Answer:
a. 11 blocks / track
b. 1400 bytes / track
c. 1819 track
d. 2,545,200 bytes / file
e. 18190 ms = 18.19 s
f. 16.842 s
Explanation:
a. D = Number of blocks per track
E = B * L = 1600 bytes / block
The number of blocks per track must be an integer. The INT function finds the integer part of a number.
D = INT( R / E ) = INT(11.875) = 11 blocks / track
b. F = Waste per track = R - D * E = (19000 bytes / track) - (11 blocks / track) * (1600 bytes / block) = 1400 bytes / track
This is a wastage of about 7.4%.
c. H = Number of tracks required to store the entire file.
G = Number of records per track = (11 blocks / track) * (10 records / block) = 110 records / track
The CEIL operator is the Ceiling operator. It is similar to the INT operator, except that it takes the next higher integer if the argument is not an exact integer.
H = Number of tracks = CEIL[ N / G ] = 1819 tracks
d. J = Total waste to store the entire file = (H - 1) * F = 2,545,200 bytes / file
e. K = Time to write all of the blocks. (Use period of revolution; ignore the time it takes to move to the next track.)
Assume it takes one revolution to record one track.

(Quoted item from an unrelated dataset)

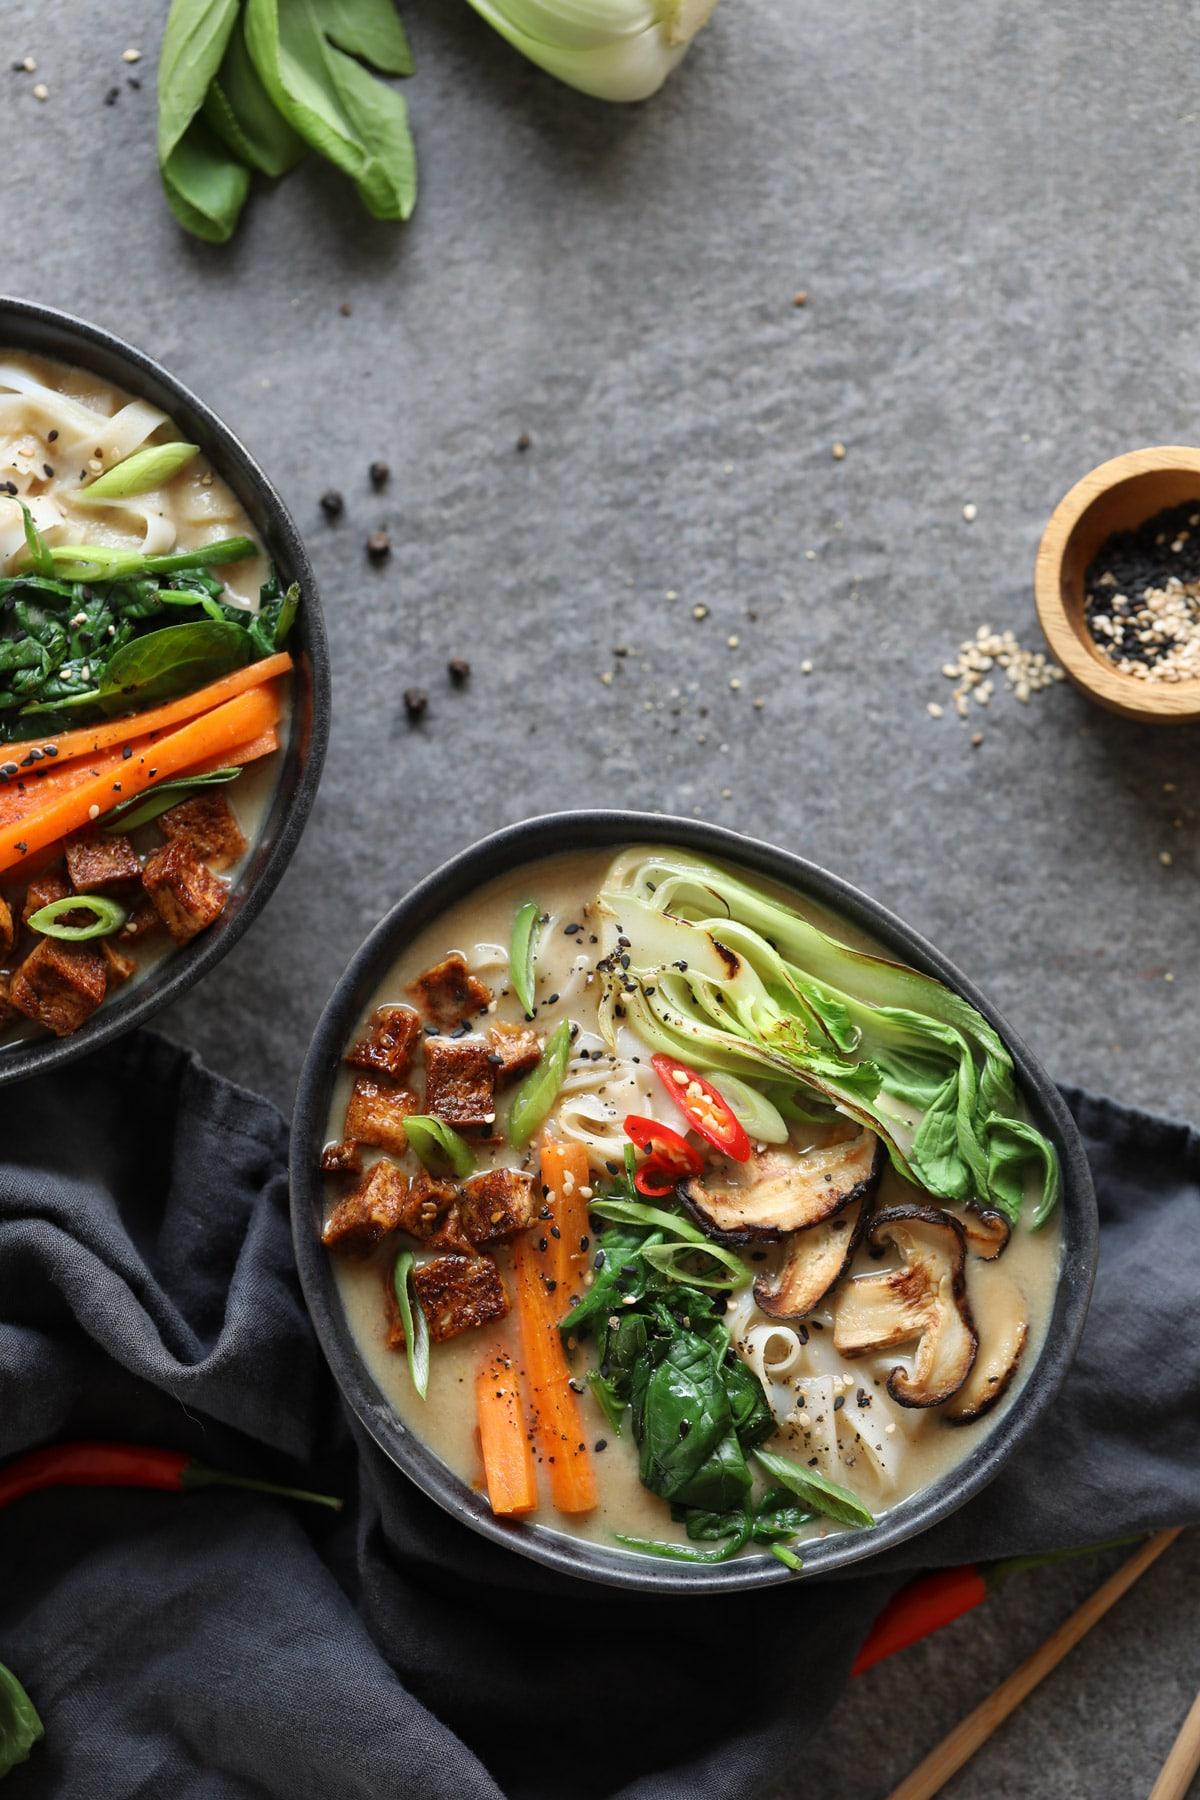 A bowl of vegan miso ramen with sesame seeds.

K = H * T = (1819 tracks) * (10 ms / track) = 18190 ms = 18.19 s
f. M = Time to write all of the records if they are not blocked. (Use period of revolution; ignore the time it takes to move to the next track.)

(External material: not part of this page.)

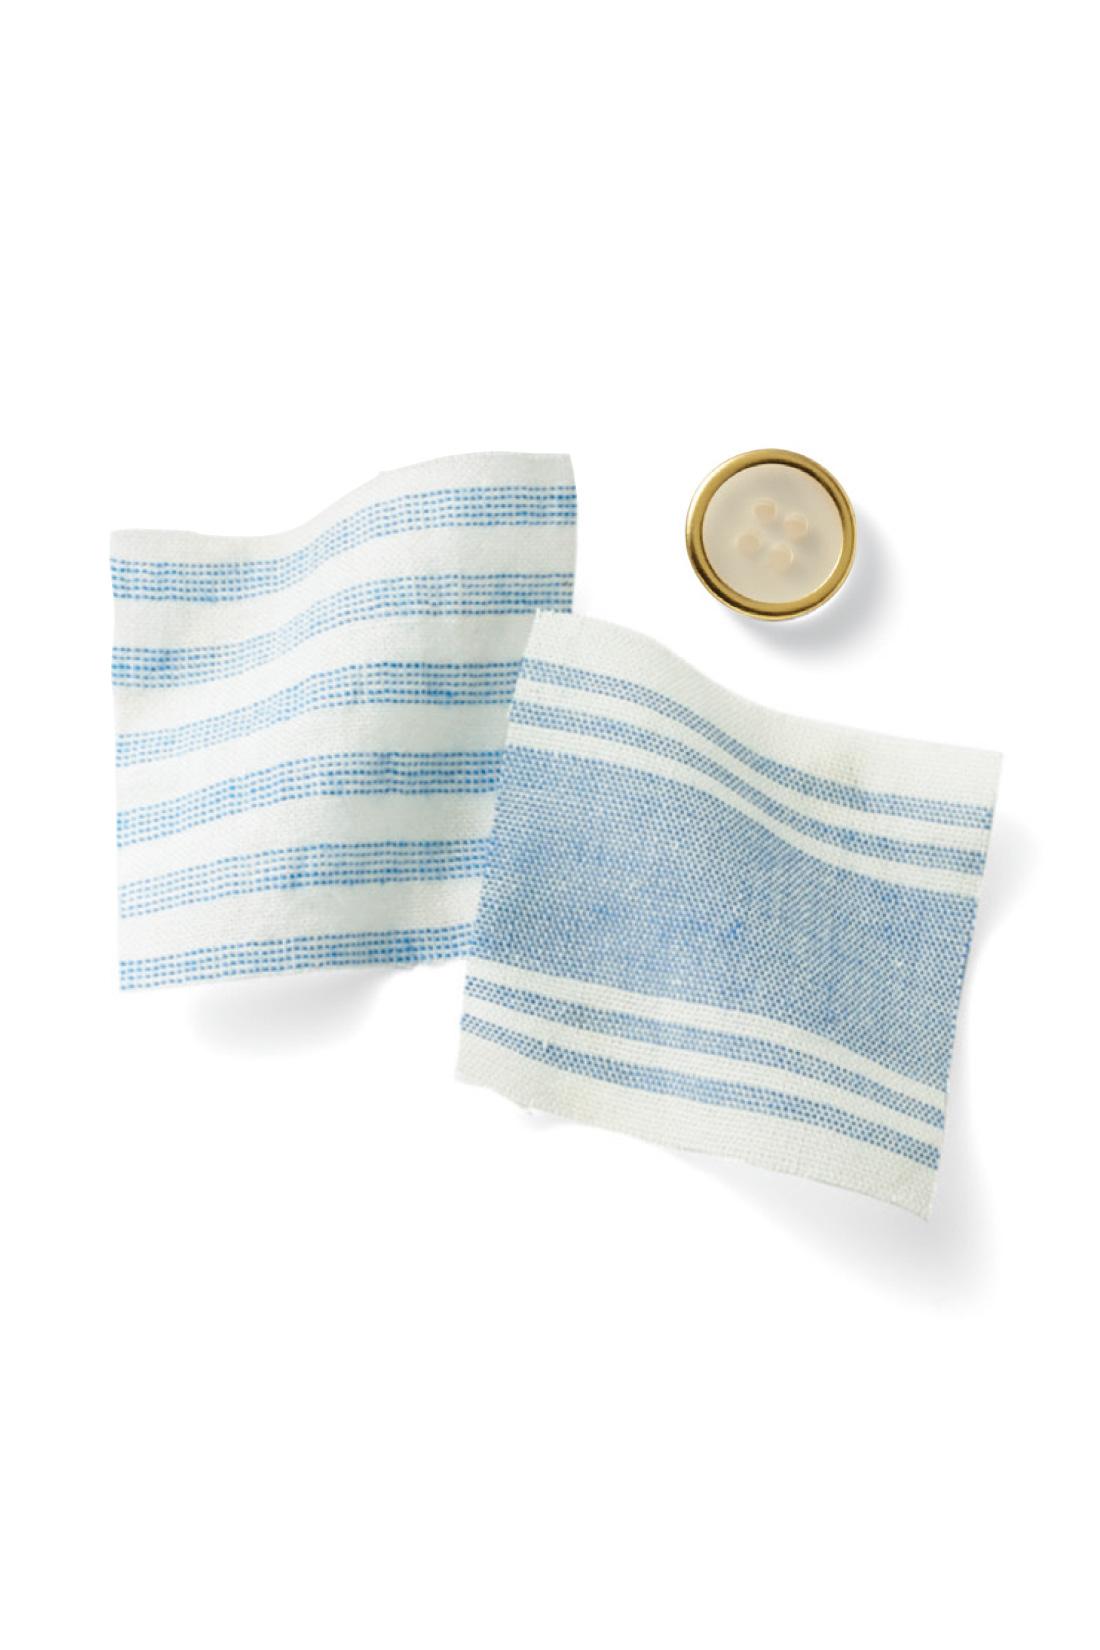 薄くて軽くてやさしい綿100%の布はく素材。※お届けするカラーとは異なります。

Assuming we treat the disk like a tape. The total file is 32,000,000 bytes long, which easily can fit in a PC RAM. We can declare a buffer to be the length of the track, and worry about parsing the file back into records when we reread the data.

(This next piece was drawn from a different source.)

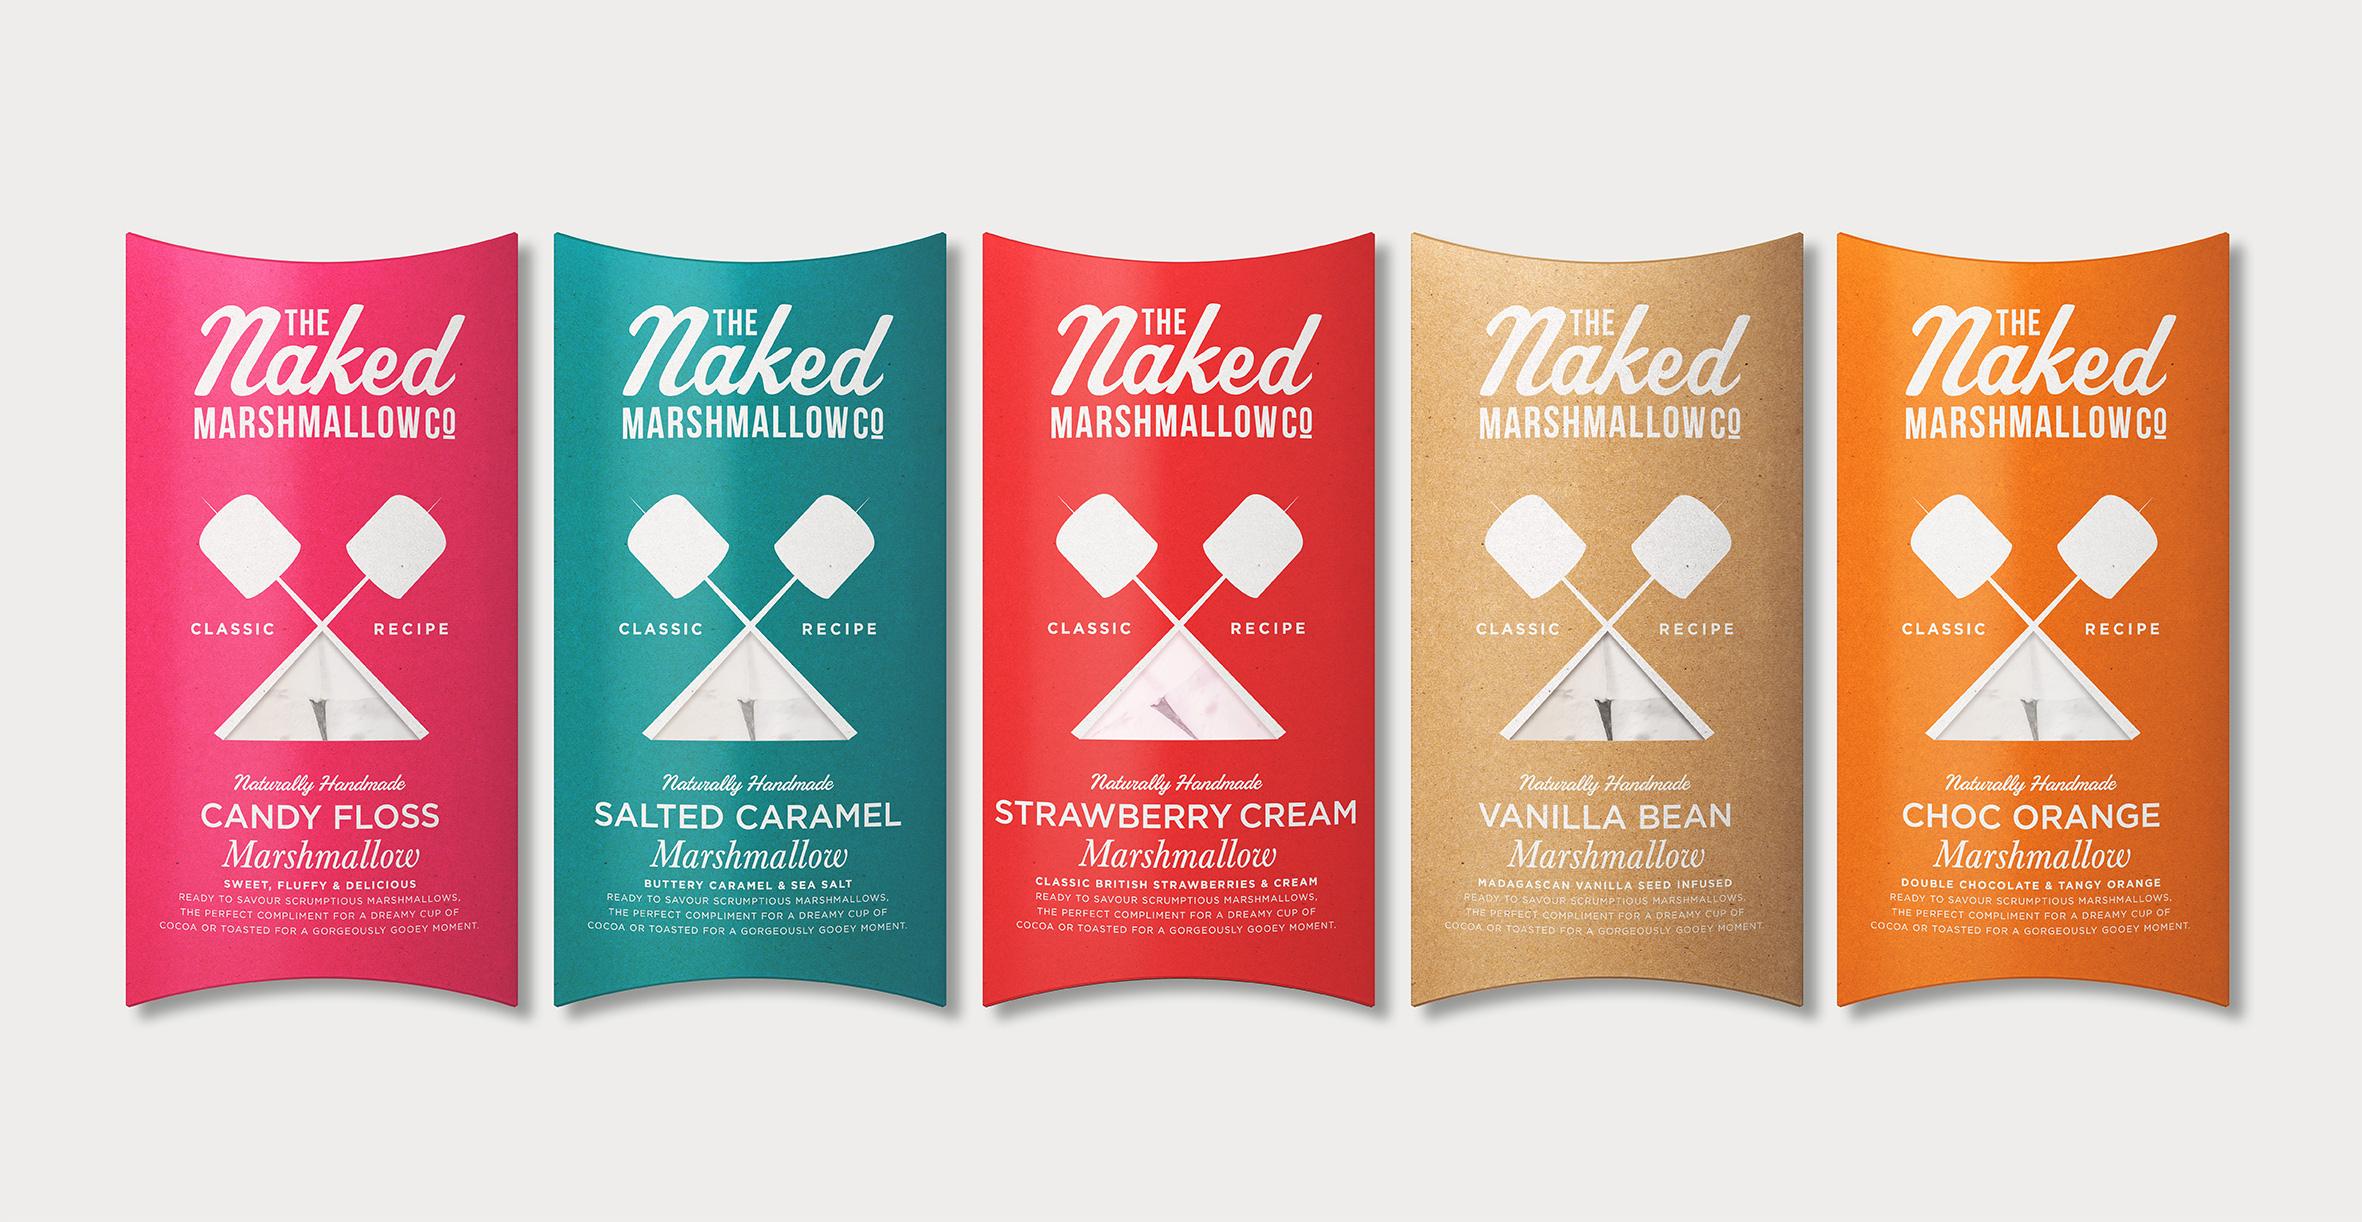 Naked Marshmallow Co. Range Packaging Design

In this case, we use CEIL(N * L / R) = 1685 tracks. This is 4 surfaces.
M = (N * L / R) * T = 16.842 s
g. P = Optimal blocking factor to minimize waste = INT(R / L) = 118 records / block
The wastage is Q = R - P * L = 120 bytes / track
h. What would be the answer to (e) if the time it takes to move to the next track were 5 ms?
Since we used 1819 tracks, we used tracks on 4 surfaces. When we change surfaces, we do not need to move the arm to another track. Assume also that we do not need to move the arm to position it to the first record in the file.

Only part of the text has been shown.